Discussion of Thermal Solution for Stratix 10 FPGA

An Advanced Thermal Solutions, Inc. (ATS) client was planning on upgrading an existing board by adding Altera’s high-powered Stratix 10 FPGAs, with estimates of as many as 90 watts of power being dissipated by two of the components and 40 watts from a third. The client was using ATS heat sinks on the original iteration of the board and wanted ATS to test whether or not the same heat sinks would work with higher power demands.

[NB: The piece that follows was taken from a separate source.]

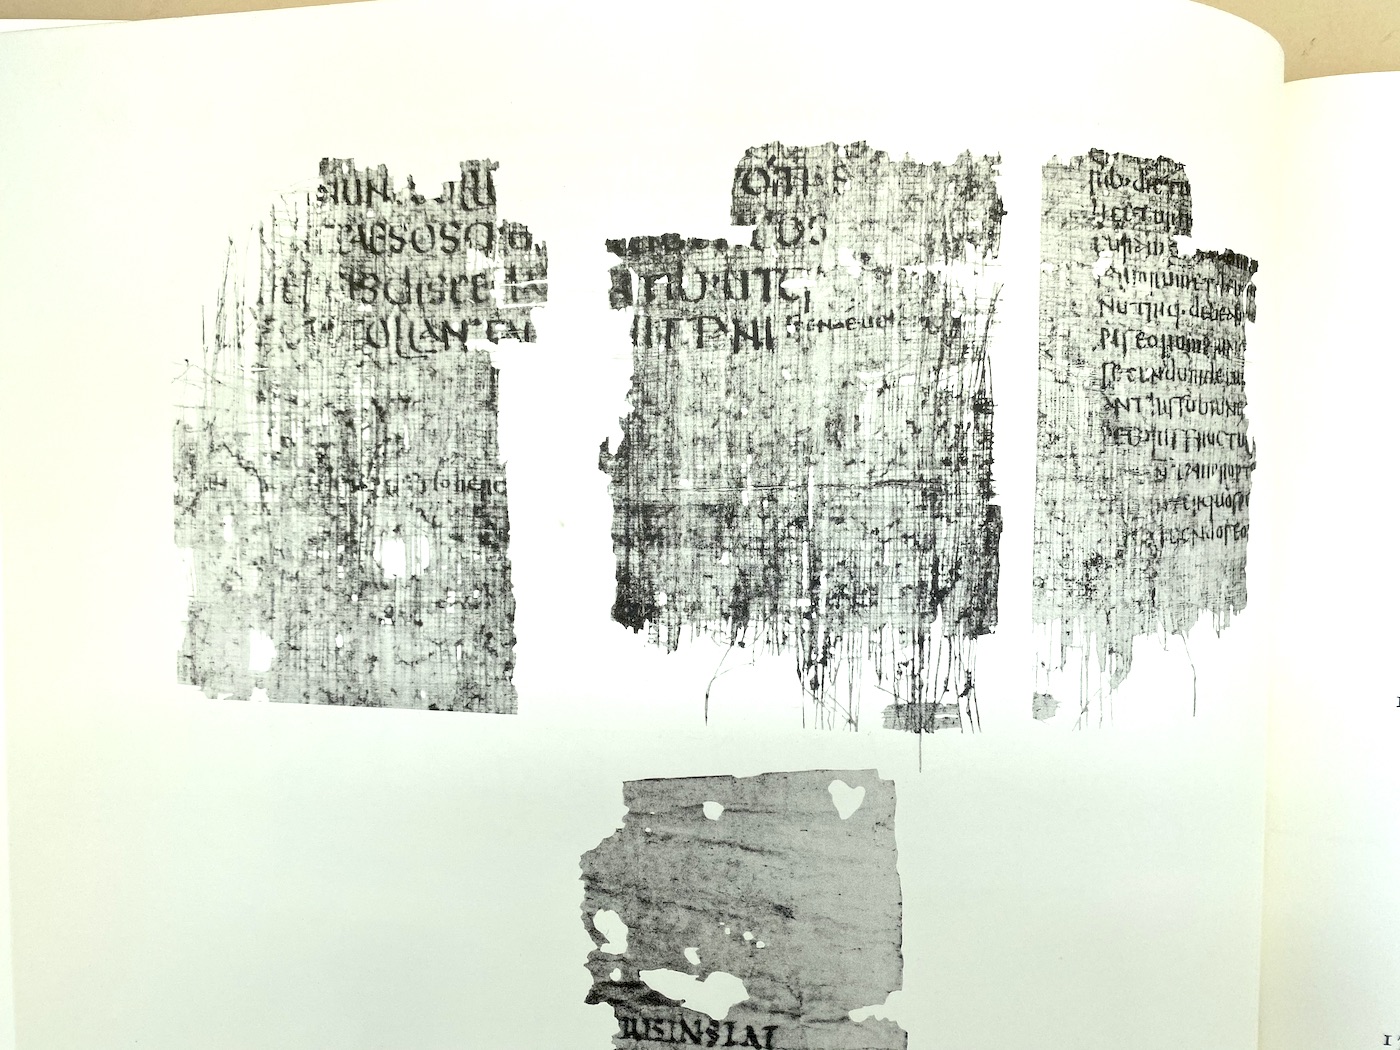 Ashmolean Museum papyrus fragement of Vergil

In the end, the original heat sinks proved to be effective and lowered the case temperature below the required maximum. Through a combination of analytical modeling and CFD simulations, ATS was able to demonstrate that the heat sinks would be able to cool the new, more powerful components.

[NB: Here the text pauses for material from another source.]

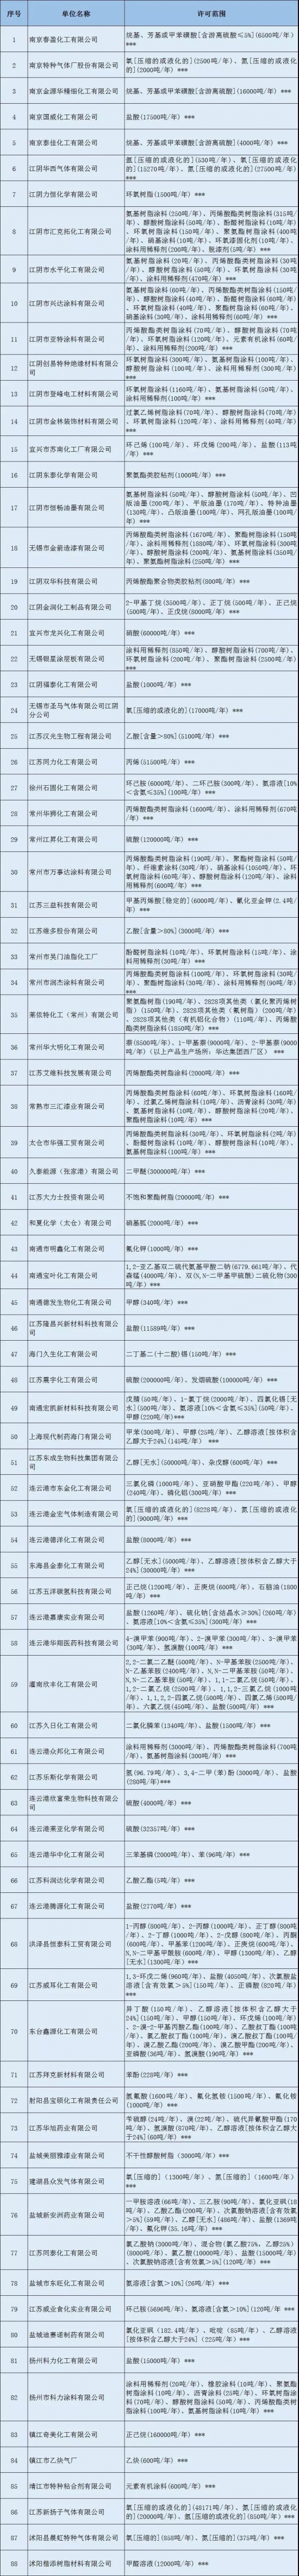 88家危化品生产企业被注销安全生产许可证 中国润滑油网

ATS Field Application Engineer Vineet Barot recently spoke with Marketing Director John O’Day and Marketing Communications Specialist Josh Perry about the process he undertook to meet the requirements of the client and to test the heat sinks under these new conditions.

JP: Thanks again for sitting down with us to talk about the project Vineet. What was the challenge that this client presented to us?
VB: They had a previous-generation PCB on which they were using ATS heat sinks, ATS 1634-C2-R1, and they wanted to know if they switched to the next-gen design with three Altera Stratix 10 FPGAs, two of them being relatively high-powered, could they still use the same heat sinks?

Stratix 10 FPGA

The board that was given to ATS engineers to determine whether the original ATS heat sinks would be effective with new, high-powered Stratix 10 FPGA from Altera. (Advanced Thermal Solutions, Inc.)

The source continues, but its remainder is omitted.